Data extract:
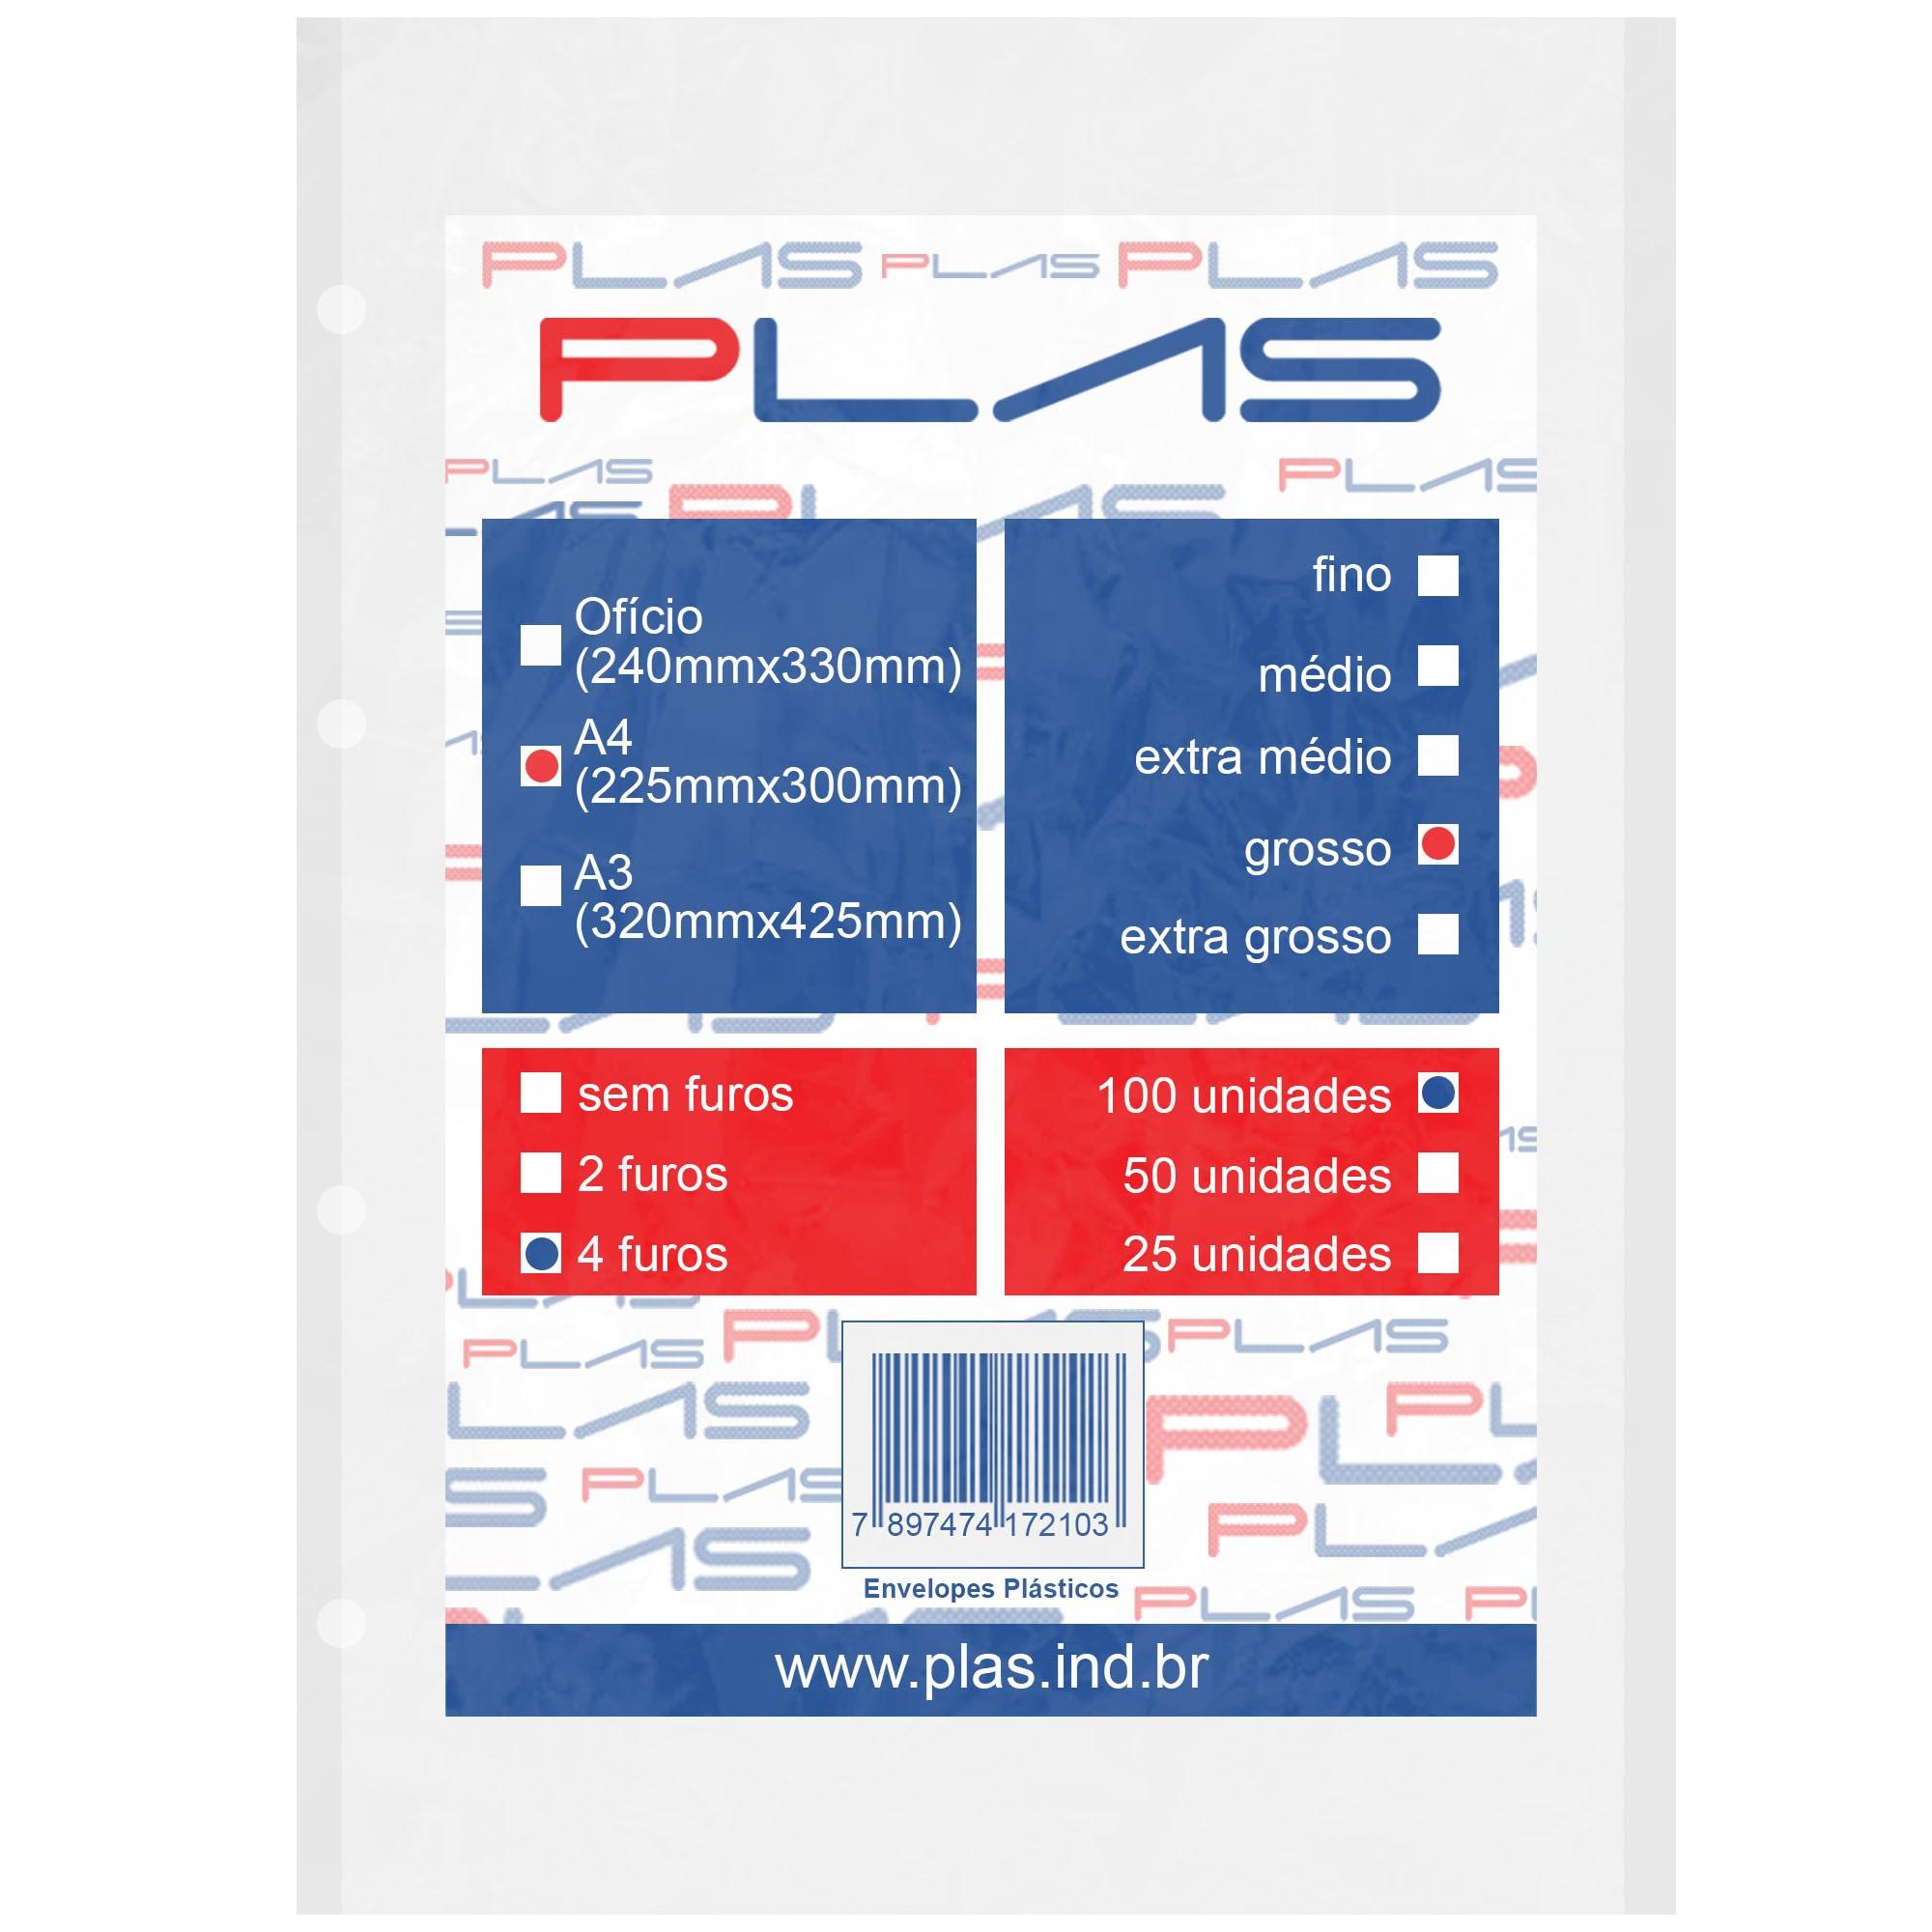 Envelope Saco Plastico tamanho A4 4 furos Grosso pct c/ 100 un - Iplas
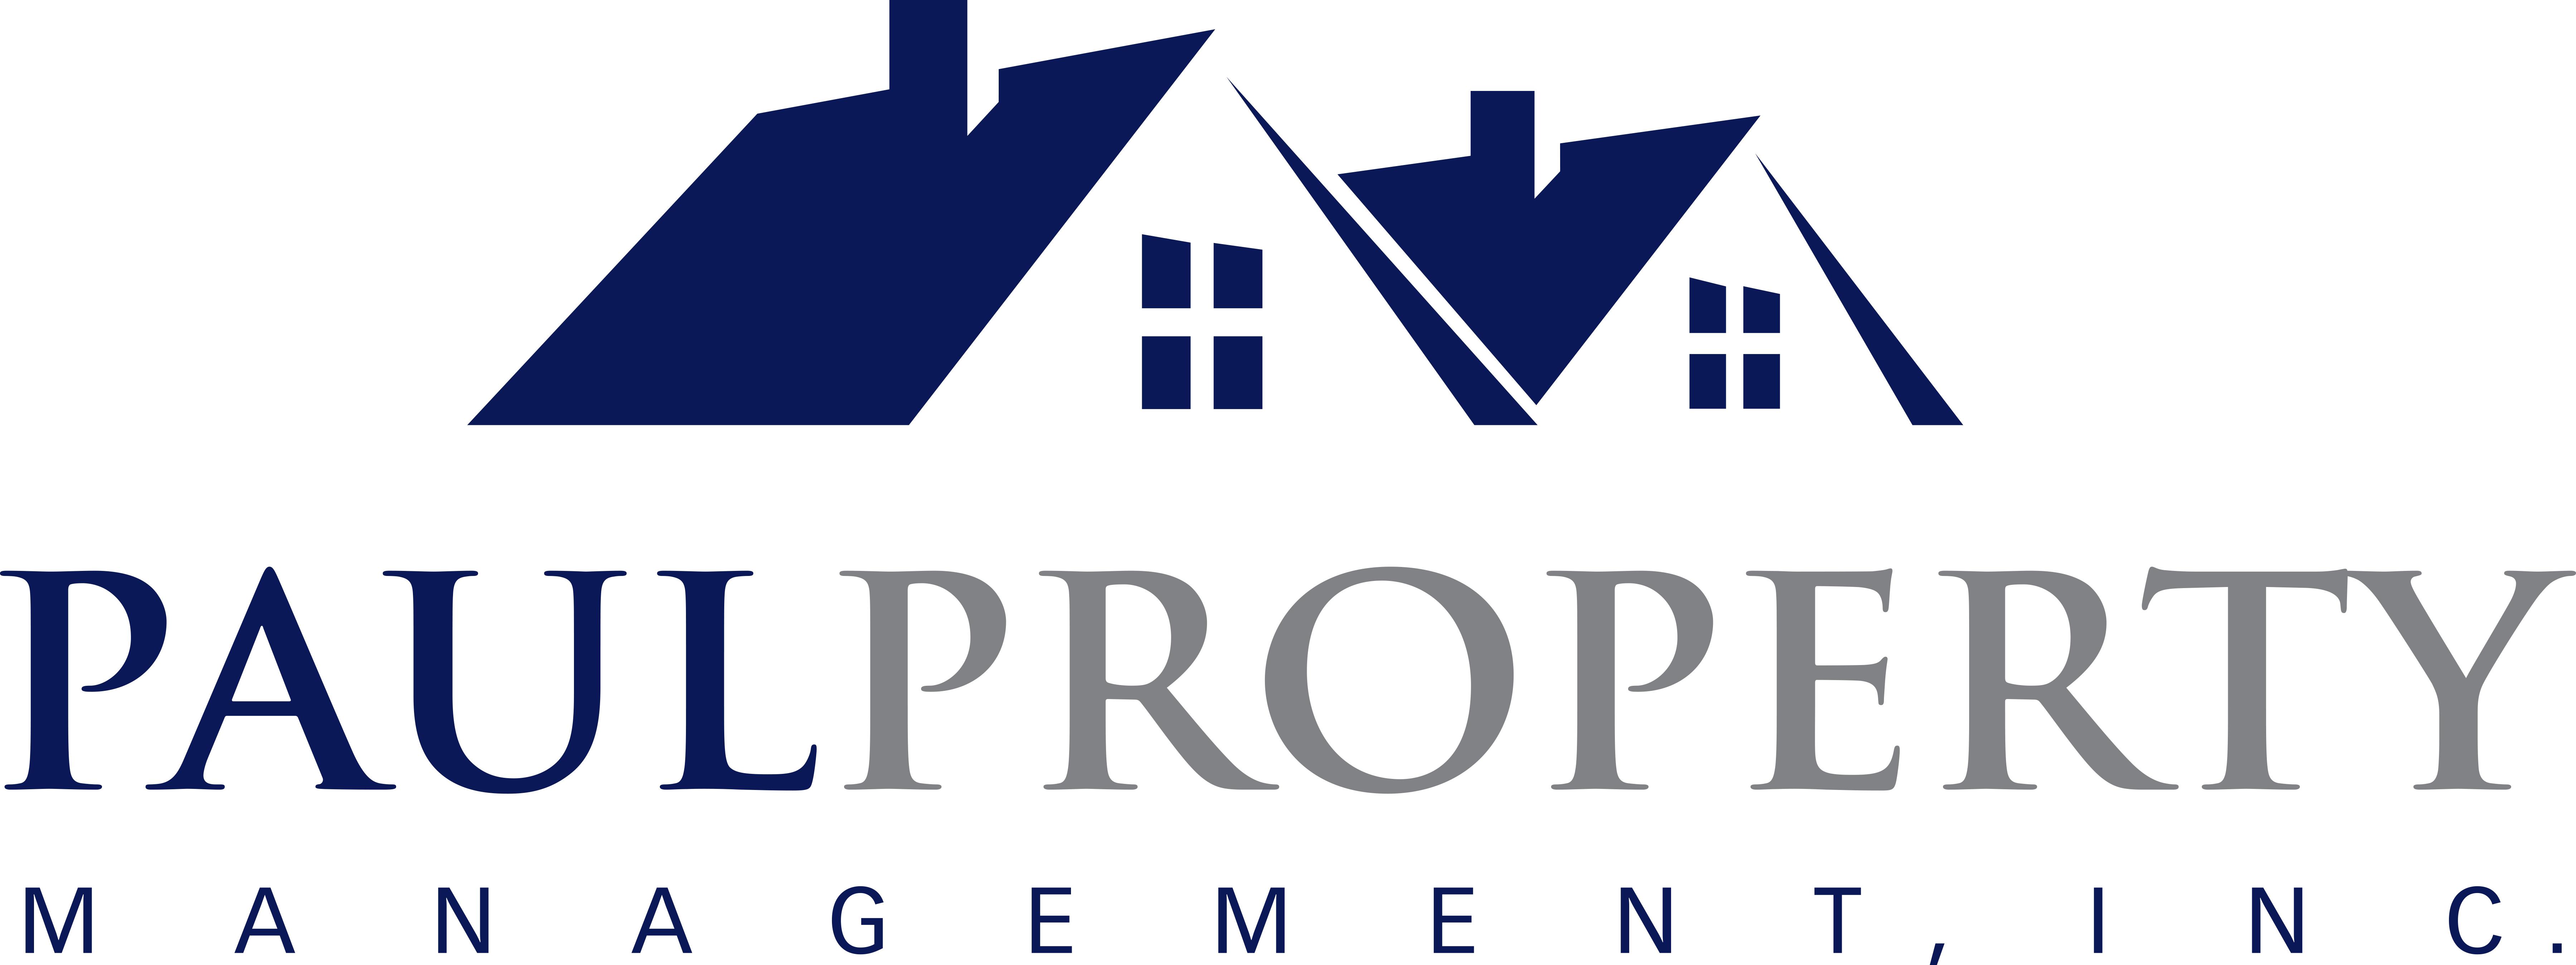 Paul Property Management Wichita Ks
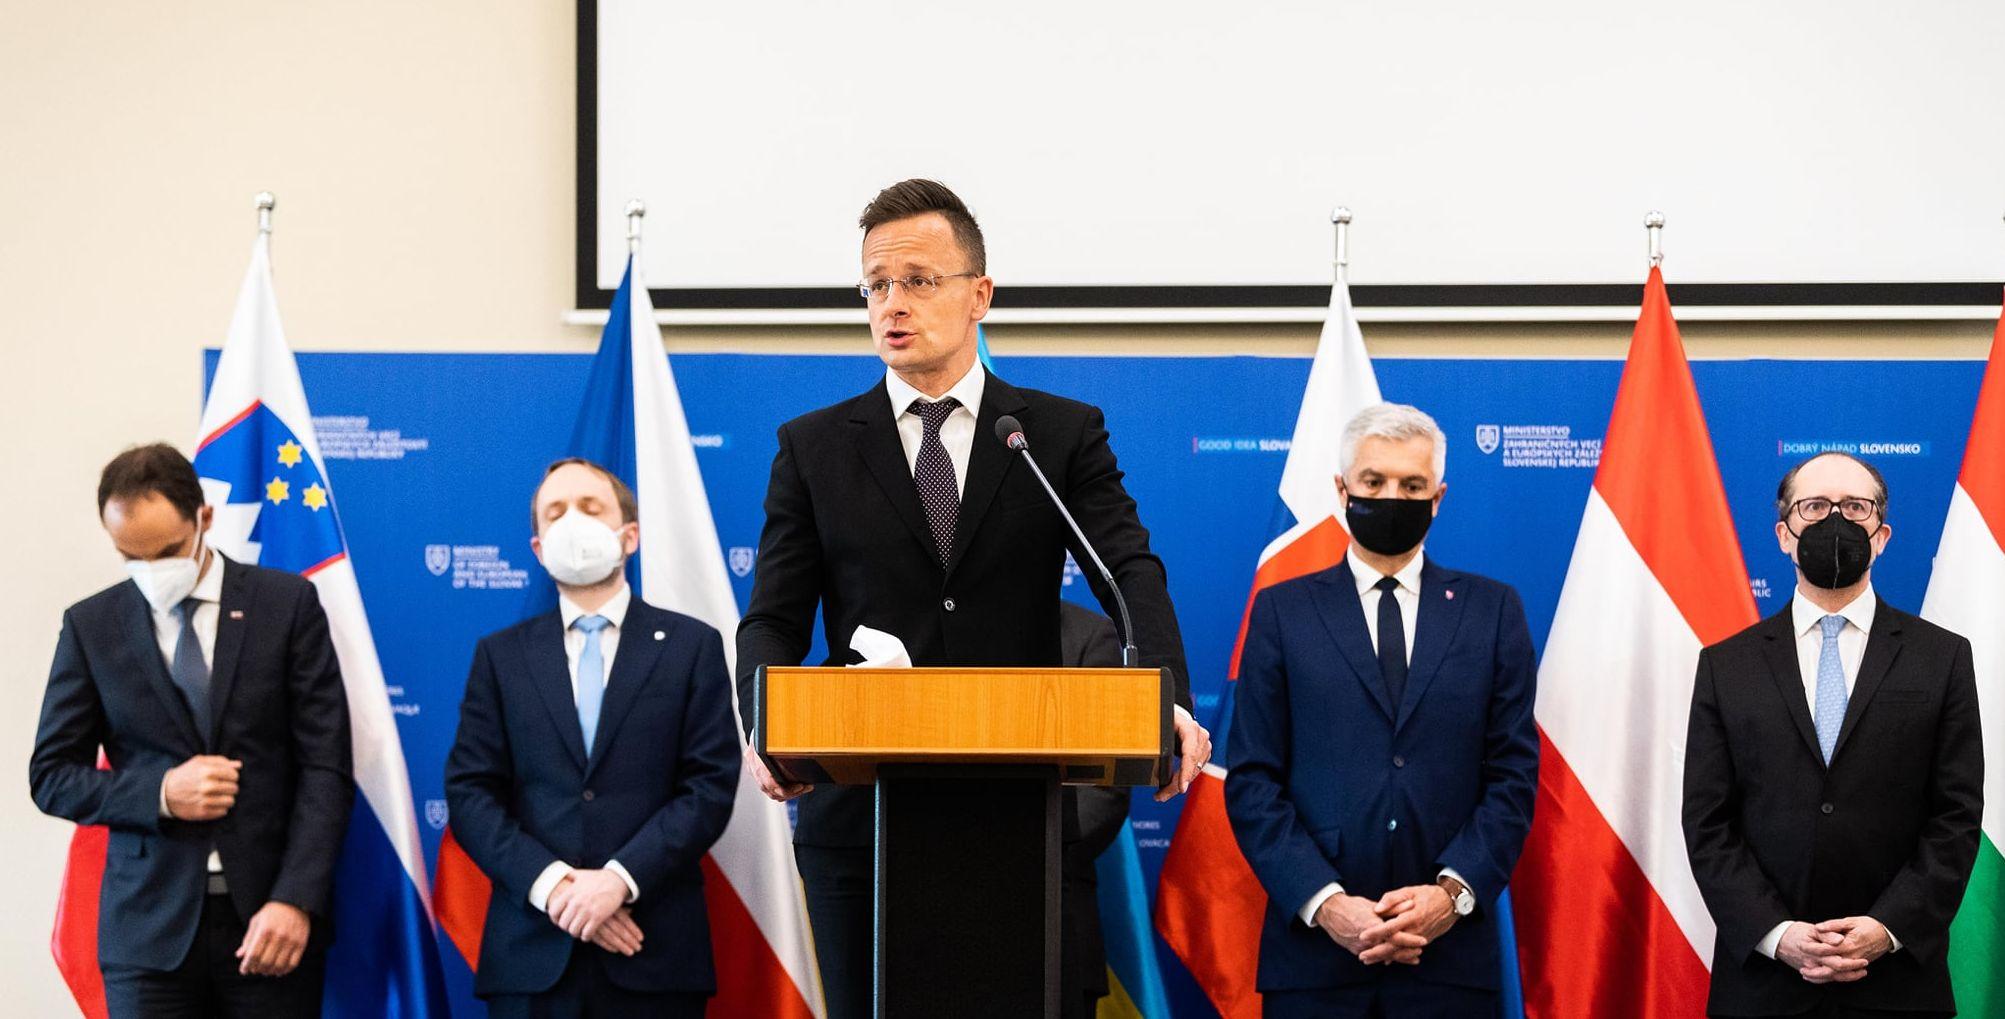 FM Szijjártó: Central Europe Should Excel in Approving Immunity Certificates

Task directions: A faithful copy is needed of the lines from the one containing "Paul Property Management Wichita Ks" through the last line of the data above, with pictures left out.

Reply to the exercise:
 Paul Property Management Wichita Ks
 FM Szijjártó: Central Europe Should Excel in Approving Immunity Certificates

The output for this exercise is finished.